When Deontay enters the courtroom with the other inmates, he heads for a seat in the jury box. Investigators believe that's when he unlocks his cuffs and shackles.
Now he's ready to make a run for it, as soon as all his Confederates are in position. So there's two twins who are eyes and ears in the court? Yeah.
Who are they talking to? They're talking to the people in the car. The getaway.
Right. And so when the car's in position, one twin signals the other twin, twin signals Rosales, and he's like, okay, now everything's in place for you to roll.
And roll he did. The sheriff picked up the story.
One of the twins coughed into a cell phone. that cough was a message to alert them to know that Rosiles was on his way down to the vehicle.
The rest is history. Defense investigator Gentry Chambers.
Look, was there a party, Gentry? You said, man, that was incredible. Of course.
I mean, I'm saying to myself, how many guys actually evade the police and get away?

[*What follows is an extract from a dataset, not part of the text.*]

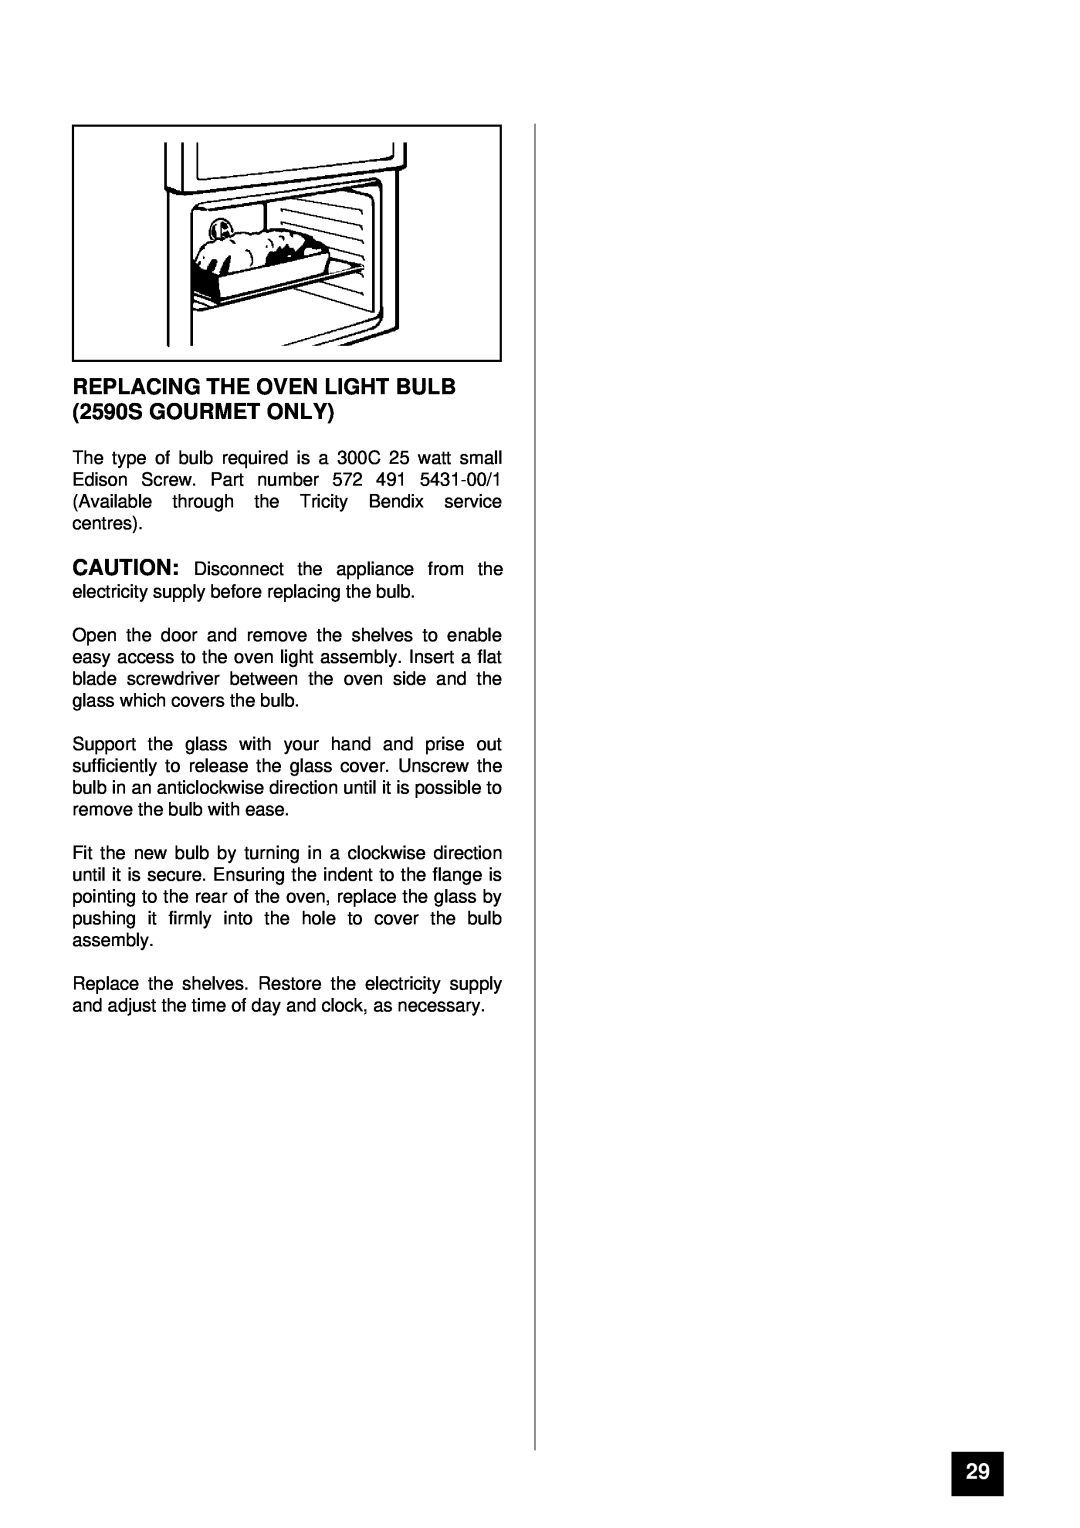 Tricity Bendix 2560S installation instructions REPLACING THE OVEN LIGHT BULB 2590S GOURMET ONLY

And away for a week.

Except for one postscript that punctures the idea, the young plotters had thought of everything,

rather than just being very lucky.

This is a poor kid from the hood who didn't probably even think this was going to go down the way that it went down.

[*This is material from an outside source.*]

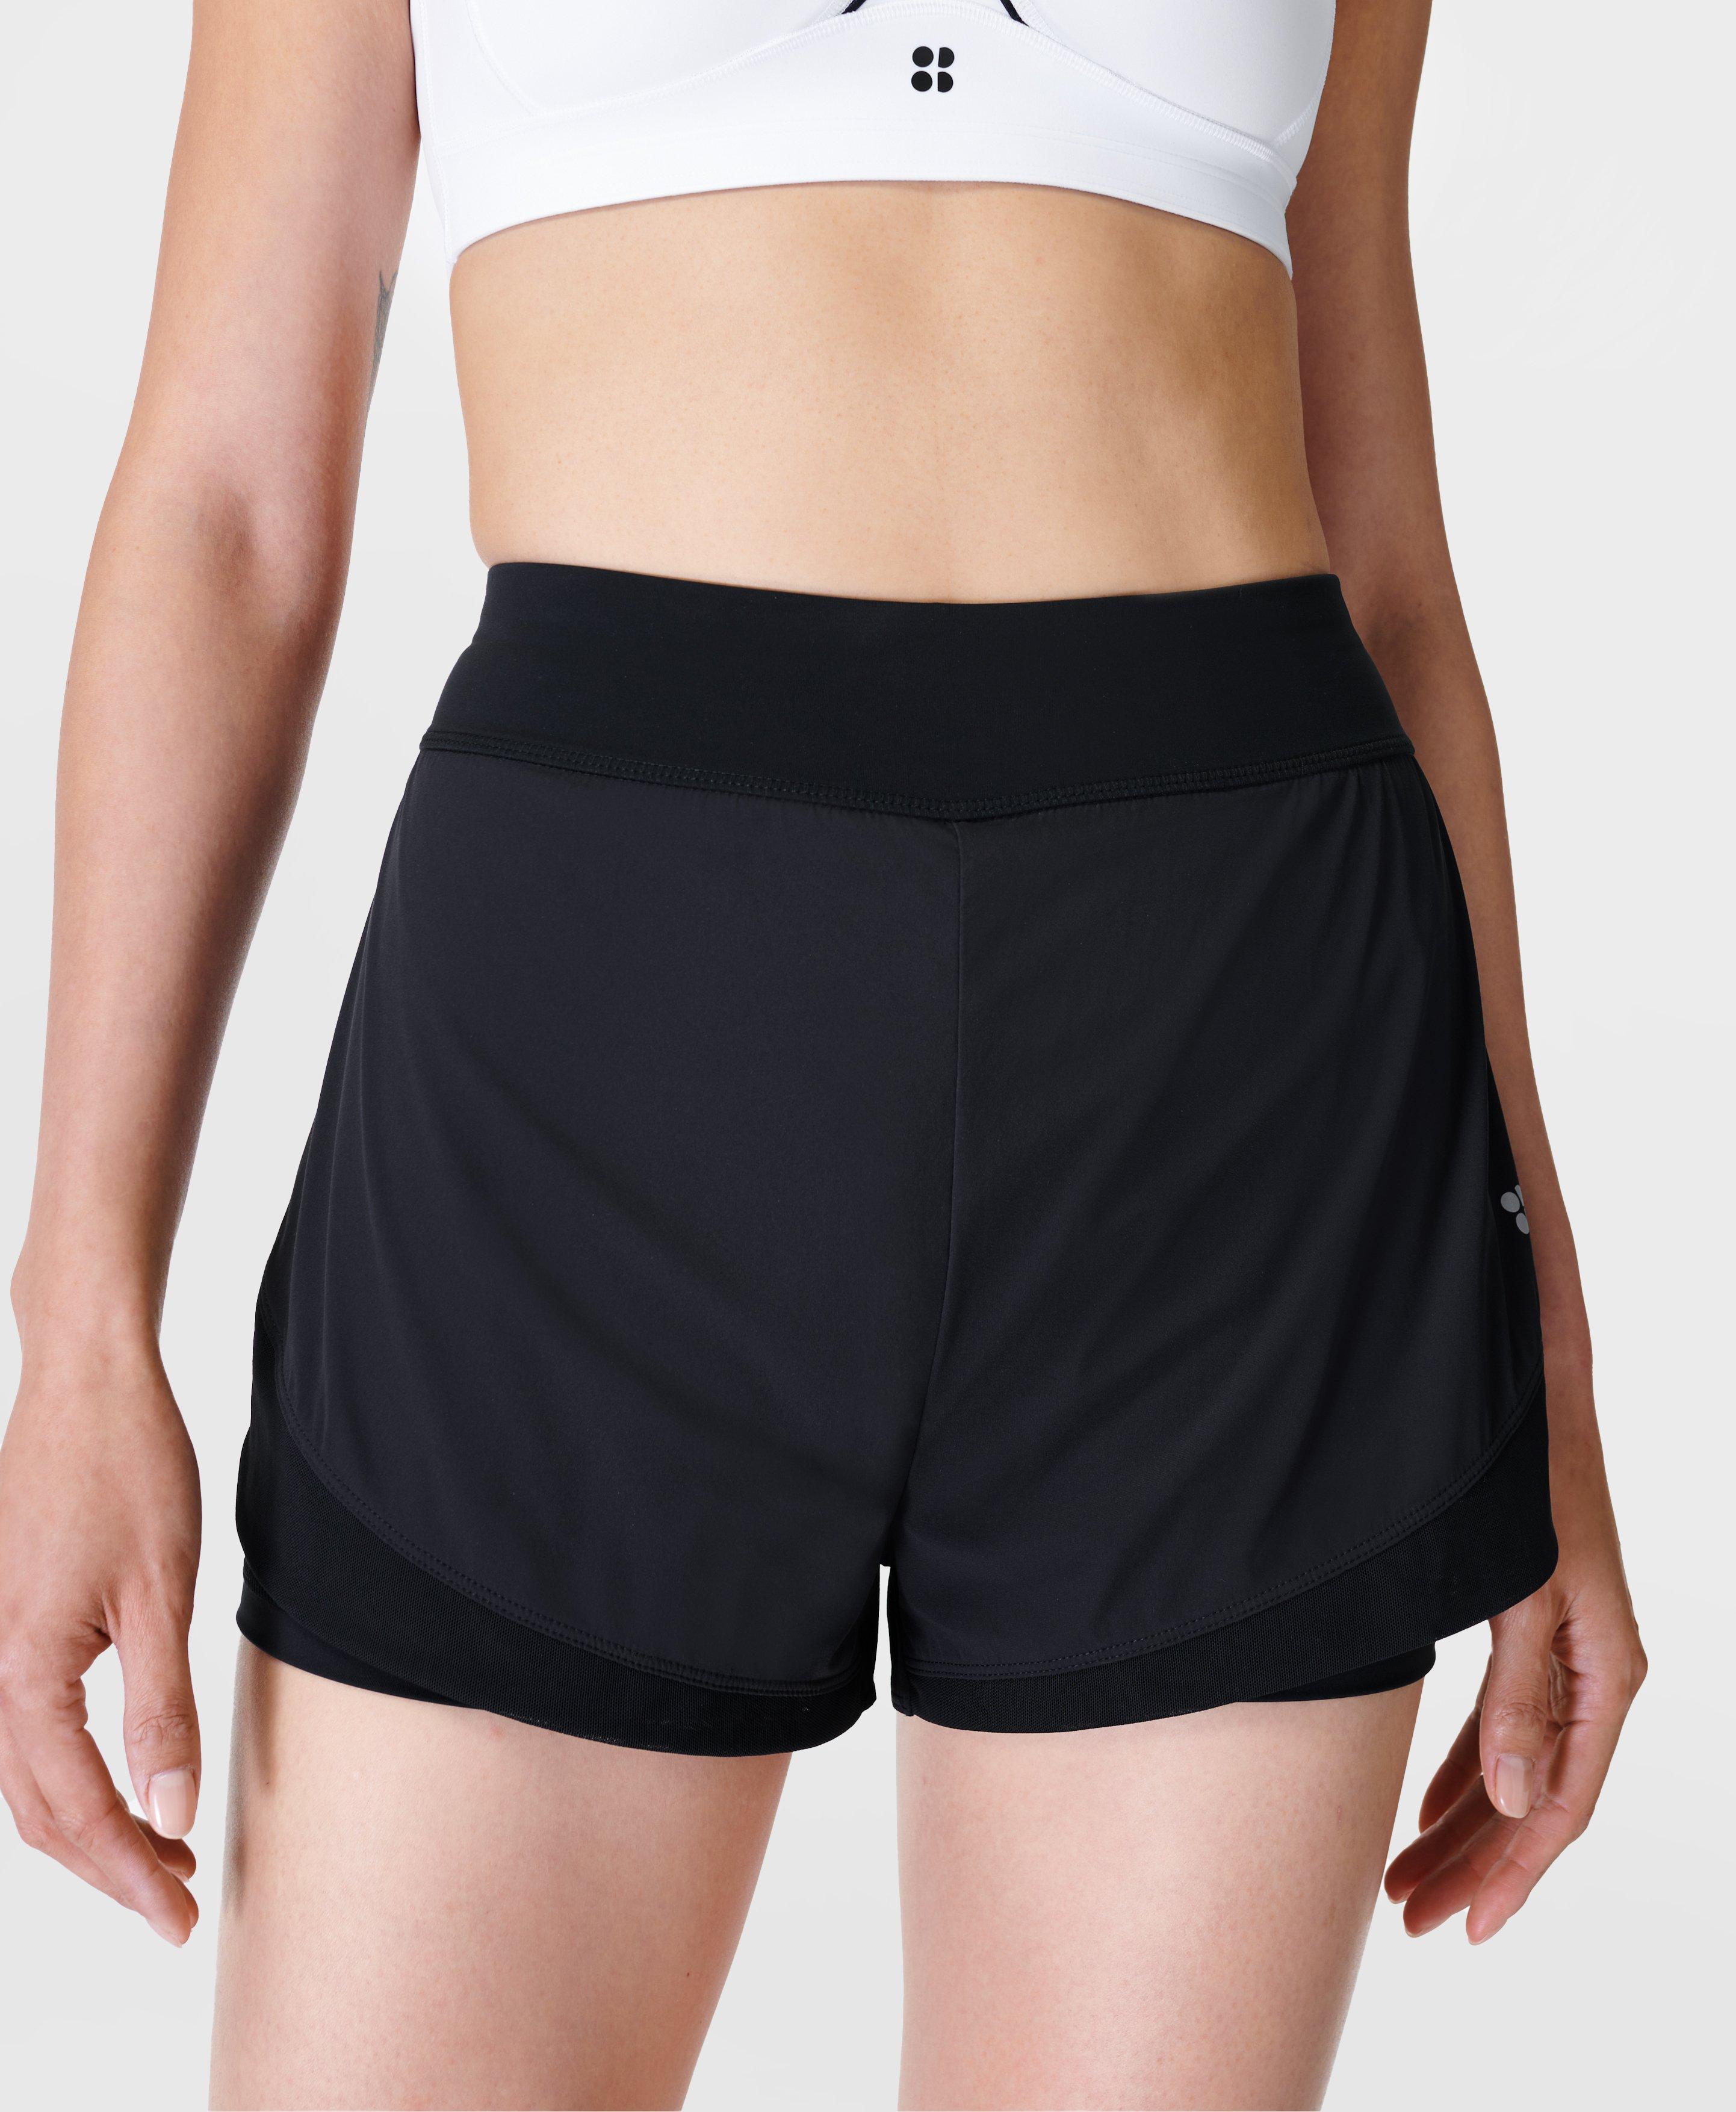 women wholesale athletic shorts for Fitness, Functionality and Style

Look, the car that picked him up didn't even have gas in it.

They had to stop to the gas station. In the months ahead, all eight of those who helped Deontay were charged and convicted.
He's very smart. He's very charming because he got all these people to put their own freedom on the line for him.
As for Deontay Rosillas, he may have been back behind bars on 23-hour lockdown and facing new charges. But he wasn't done.
The escape is not the end of it for this young man. Oh, no, no, no, no.
No, he continues. Not long after he was captured, Deontay wrote this letter to the judge whose court he fled.
He apologized for bolting, said in his defense that he didn't stray far. Then he offered an explanation.
I was clearly trying to just gather evidence for my defense. I had to bust myself out so I could be my own detective to find exculpatory information.
To clear myself and, you know, you're a very fair judge. Like I said, he buttered him up.
Far from trying to gather evidence to help his case, Deontay was actually busy doing other things while he was hunkered down in that motel room. He was just hanging out and talking to friends and going on porn websites.
But Deontay now had other business to pursue. Top of that list, feeding the social media machine to keep the Justice for Deontay campaign alive, recording this message,

which was posted on Facebook.

If you have been placed in jail for a crime you know nothing about or never committed,

would you sit in jail? Let me ask this for you logically. No.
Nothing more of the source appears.